If you slice per separate physical database file per customer and your clients aren't big corporations that might have lots of concurrent writes.
Using managed technologies such as PostgreSQL will be simpler and often cheaper than SQLite, if you'll have to manage it yourself, incl. scaling, backups, updates.
You'd be hard pressed to find a less controversial opinion for HN.
More tooling on Postgres. Why would you use SQLite? It’s great for embedded applications but if yours is networked why cobble together some networked SQLite when you can just use Postgres or another database built for that purpose?
His point is that you probably won't need networked sqlite
Post a contact email? I'd love to reach out about this exact topic!
Probably ! I use SQLIte for most of my web services, I have yet to hit a point where I need to scale them out
My SaaS business runs on SQLite, and it has been working like a champ. Backups are dead simple, and I don't have to worry about uptime, configs, network latency, and all that.

Postgres is great, and I used it in my previous business, but sometimes, it's an overkill.

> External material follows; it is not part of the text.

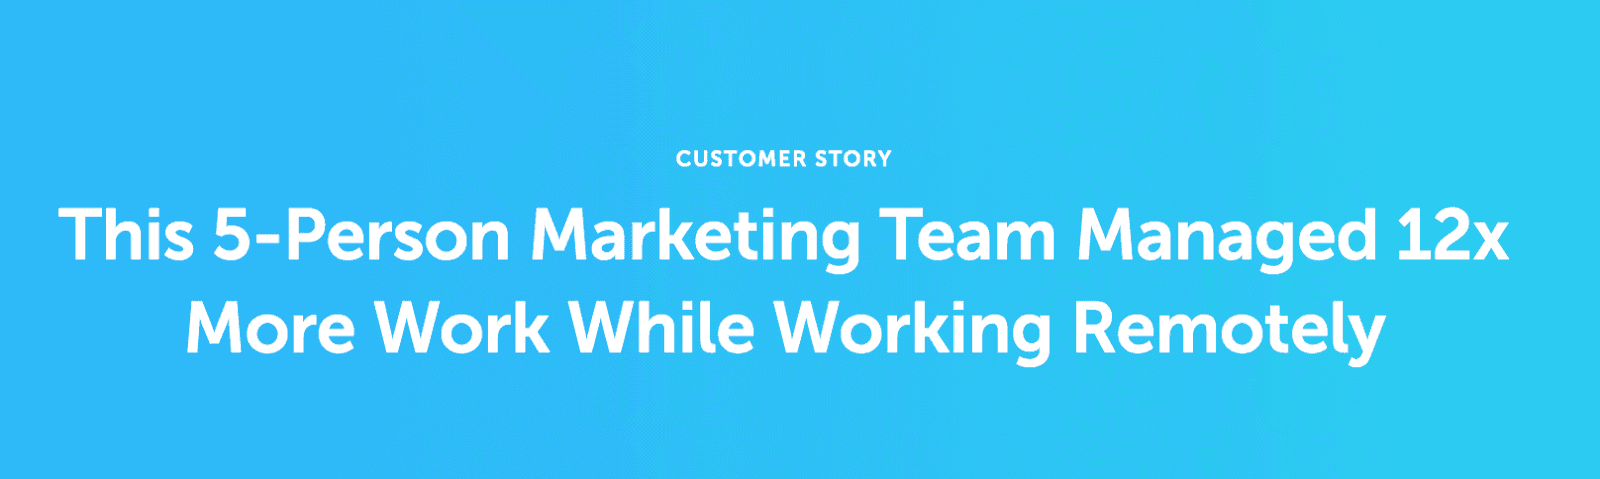 This 5-person marketing team managed 12x more work while working remotely

Do you run it on a cloud provider, if so how do you store it, ie.: mounted volume?
I rent a dedicated server on Hetzner with additional storage volumes and back it up to Tarsnap (with other files).
It's like a repeat of c++ or python. If you can find folks & tooling for what you want to accomplish then go for it. I don't think founders who actually have paying customers concern themselves with what works best per cent of compute spend rather what allows them to improve the product, while as an outsider it may seem that they can reduce costs by choosing X over Y.
Curious if anyone has actually hit a scale where SQLite cannot handle their workload? What do you actually do at the point?

As a stupid example, lets say you’ve reached a write bottleneck.

You upgrade to a beefy machine with tons of CPU and enough memory to hold the database in RAM. This buys you enough time to migrate to something else.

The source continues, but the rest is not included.